As soon as the line containing "Na tle dużego" appears in the material below, start returning lines exactly, and end with the line containing "Fiat 500X SUV/4x4/Pick-up".
[Opening TASK INPUT section]
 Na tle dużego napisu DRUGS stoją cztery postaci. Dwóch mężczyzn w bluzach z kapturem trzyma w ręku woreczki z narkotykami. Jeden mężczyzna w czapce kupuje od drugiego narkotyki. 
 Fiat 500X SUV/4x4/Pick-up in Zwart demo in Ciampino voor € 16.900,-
[Closing TASK INPUT section]
[Opening TASK INPUT section]
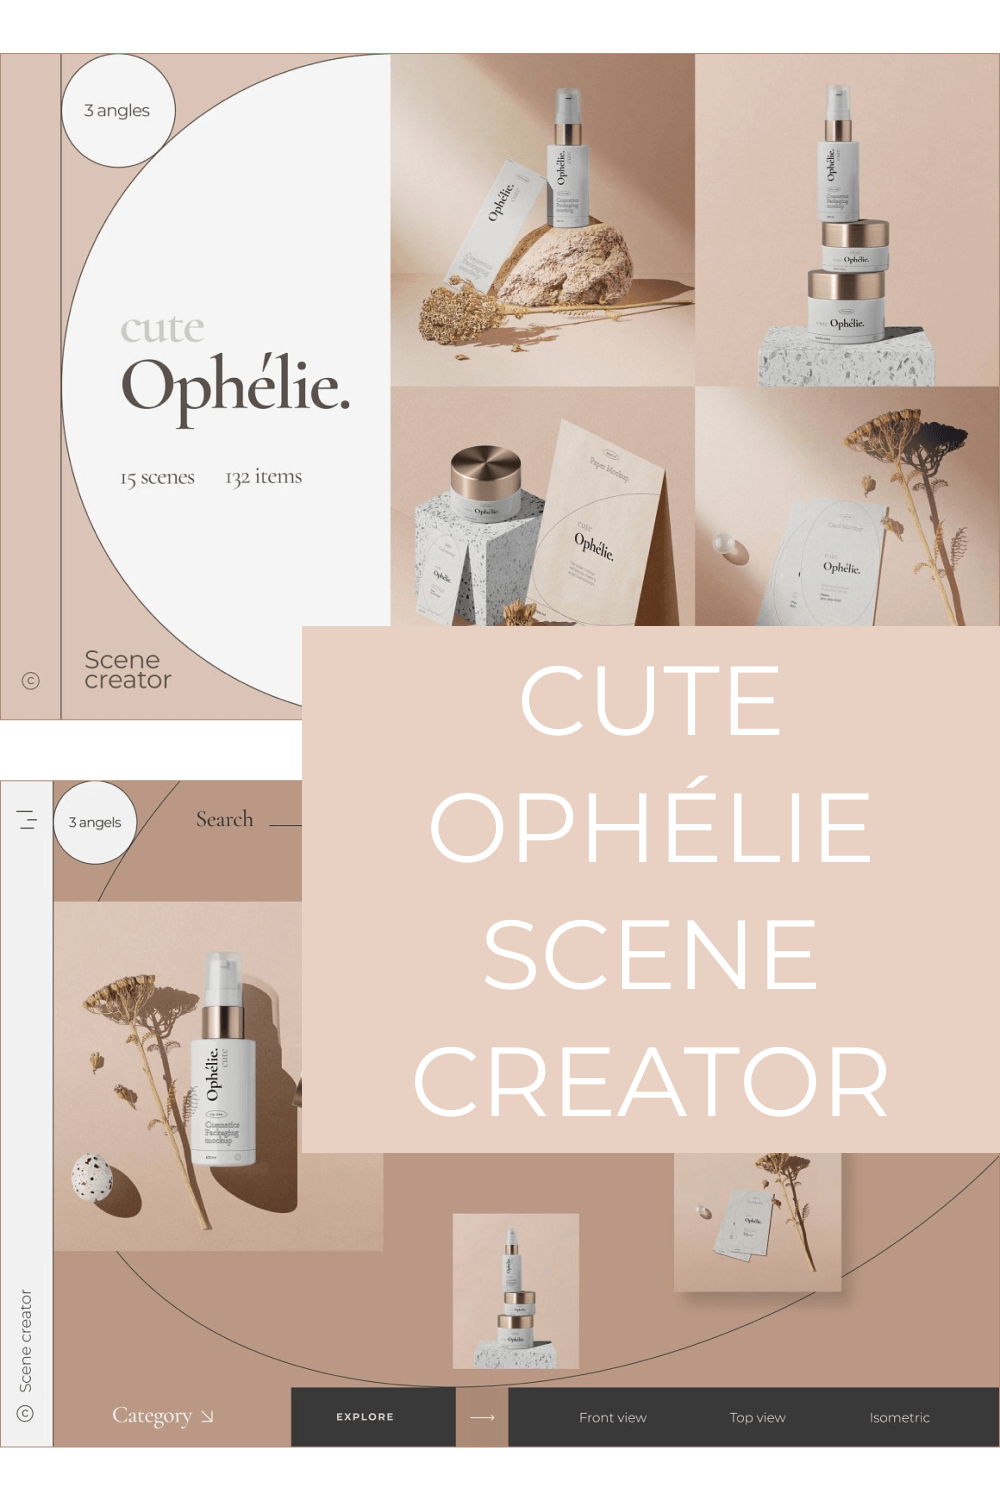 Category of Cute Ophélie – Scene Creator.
[Closing TASK INPUT section]
▸ **ANSWER TO THE EXERCISE**
 Na tle dużego napisu DRUGS stoją cztery postaci. Dwóch mężczyzn w bluzach z kapturem trzyma w ręku woreczki z narkotykami. Jeden mężczyzna w czapce kupuje od drugiego narkotyki. 
 Fiat 500X SUV/4x4/Pick-up in Zwart demo in Ciampino voor € 16.900,-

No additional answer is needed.